F&O comments on 6.4

I went through the mail archives since October and removed any feedback
I had that was previously raised and answered (one item below was raised
but not answered in the archives, so I left it in).


***
*** Questions/comments on 6.4.17:
***

- What is the result of replace("xxy", "x.", "z") ?  The spec says
"non-overlapping substrings", so I assume this does not result in "zz",
but does it result in "xz" or "zy" ?  This should be made clear.

- What is the result of replace("xxx", "x(xx)|(x)xx", "y$1") ?  Is it
"yxx" or "yx" ?  Perhaps a simpler example is replace("xx", "(x)|x",
"$1").  Does it result in "", "x", or "xx"?

- So, an error is raised for replace("xxx", ".*?", "") because the
reluctant quantifier causes .* to match the "shortest possible
substring" which in this case is the empty string?  If so, I think it's
worth mentioning that the reluctant quantifiers can cause patterns that
would normally succeed to error.  If this was not intended, then the
definitions need reworking.

- Is an error raised only if the entire pattern matches the zero-length
string?  What about captured substrings, like replace("xxx", "()x*",
"$1") or replace("xxx", (^).*($)", "$1$2")?  Are these allowed
(resulting in the empty string?) or are they errors?

- If the replacement pattern is invalid, is it an error?  (This is not
stated.)  For example, replace("x", "(x)", "$").  What if the
replacement pattern refers to a non-existent match, such as replace("x",
"(x)", "$5") ?

- If $ must be escaped as \$, then clearly \ must also be escaped
(probably \\).  Otherwise, it would be impossible to insert a backslash
followed by a captured substring.  For example, replace($anything,
"(.*)", "\$1") needs to be replace($anything, "(.*)", "\\$1")

***
*** Questions/comments on 6.4.16.1:
***

- What's considered a "newline character" for the purpose of ^$.
matching?  \r? \n? \r\n? (which isn't a character, but a sequence)

-  The additional meta-characters change what is considered a "normal
character" in the regular expression.  So in addition to modifying the
XML Schema quantifier production (4), you also want to modify the Char
production (10).

I note in passing that the XML Schema spec appendix F contains two
errors:  The definition of metacharacter omits the vertical bar | (which
is properly accounted for in the Char production), while the Char
production omits the curly brace metacharacters { and } (which are
properly accounted for in the metacharacter definition).  Oops.
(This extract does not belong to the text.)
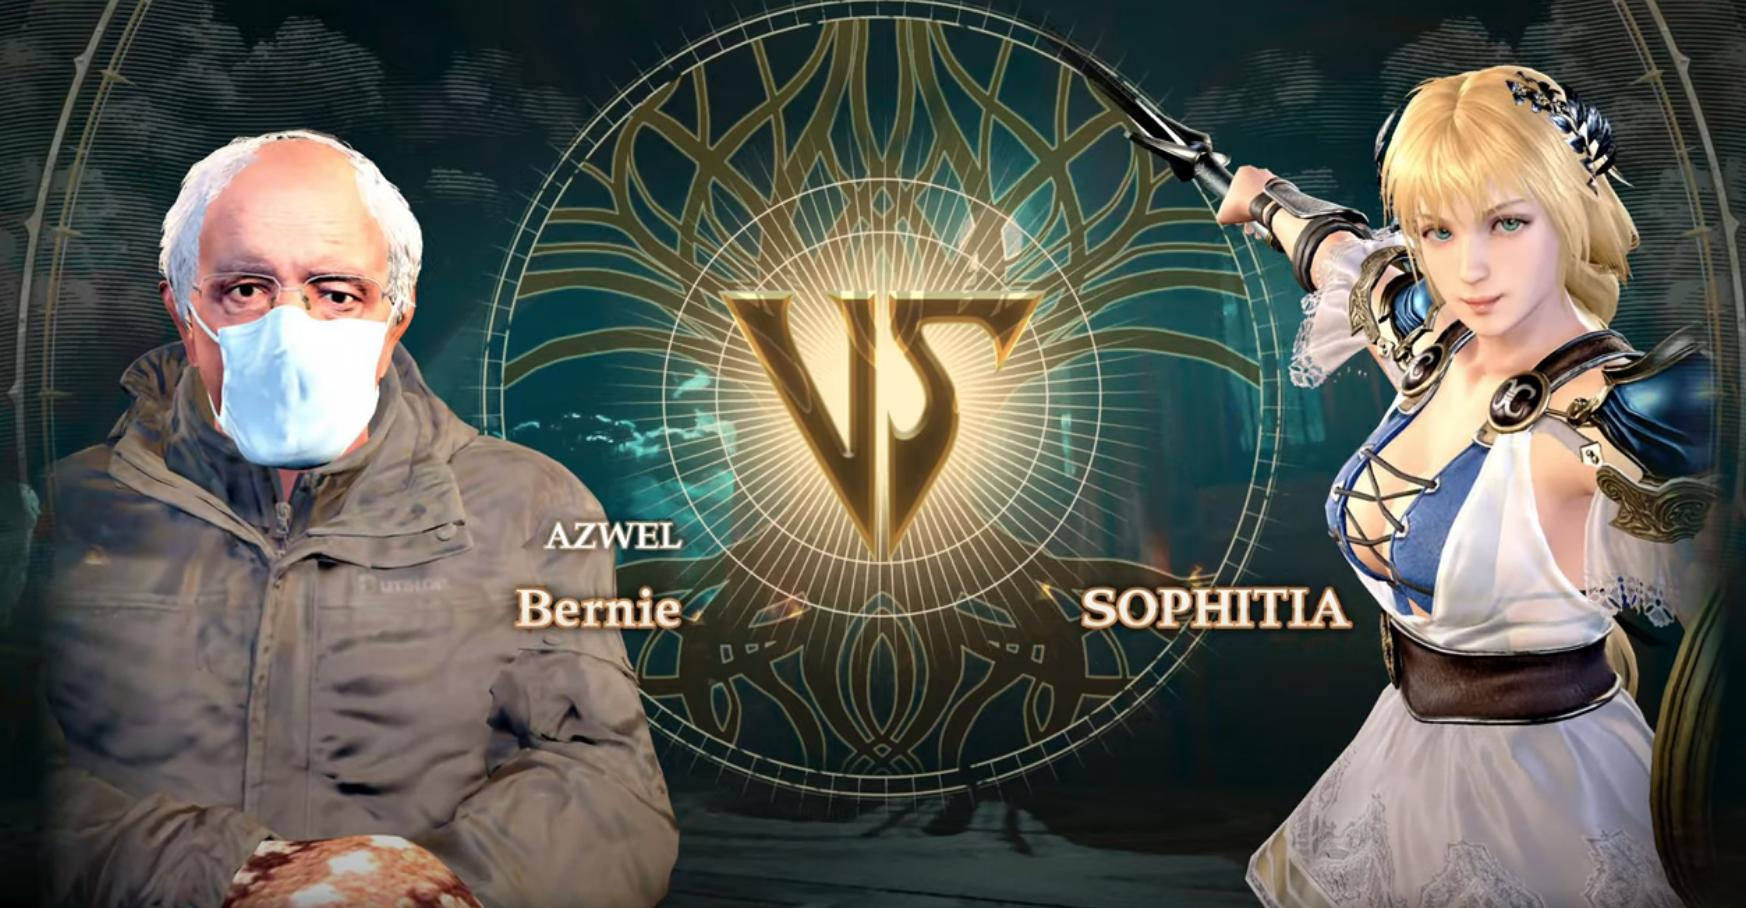 Play As Bernie Sanders Inaugural Meme In Soul Caliber 6 Jioforme

Furthermore, the XML Schema regexp grammar allows for expressions like
"|" and "()|()".  This is possibly an error.  (Both branches to the
choice are allowed to be empty, because branch ::= piece*.  Similarly,
parentheses can wrap the empty string.)

- Because the XML Schema grammar for regexps is flawed, and you're using
only a small part of it unmodified anyway, it's probably best to
completely define your (corrected, modified) regexp grammar here.

-  "The effect of [reluctant quantifiers] is that the regular expression
matches the shortest possible substring (consistent with the match as a
whole succeeding)."  I think this parenthetical statement should not be
parenthetical, because it significantly affects the behavior of the
reluctant quantifier.


***
*** Questions/comments on 6.4.19
***

- I suppose you know that the escaping rules differ for each URI part?
Section 2.4.2 of RFC 2396 might be illuminating.  I'm not sure
escape-uri() is useful as-is.  Should probably be something more along
the lines of construct-uri(part1 string?, part2 string?, ...).

- Consider adding functions for XML entitization/de-entitization
(suggested: entitize(string?) string? and unentitize(string?) string?).
I suppose I can cobble together the same functionality by going through
a dummy element constructor, but I think this functionality is more
central to XQuery than URI escaping.

Received on Monday, 9 December 2002 10:53:46 UTC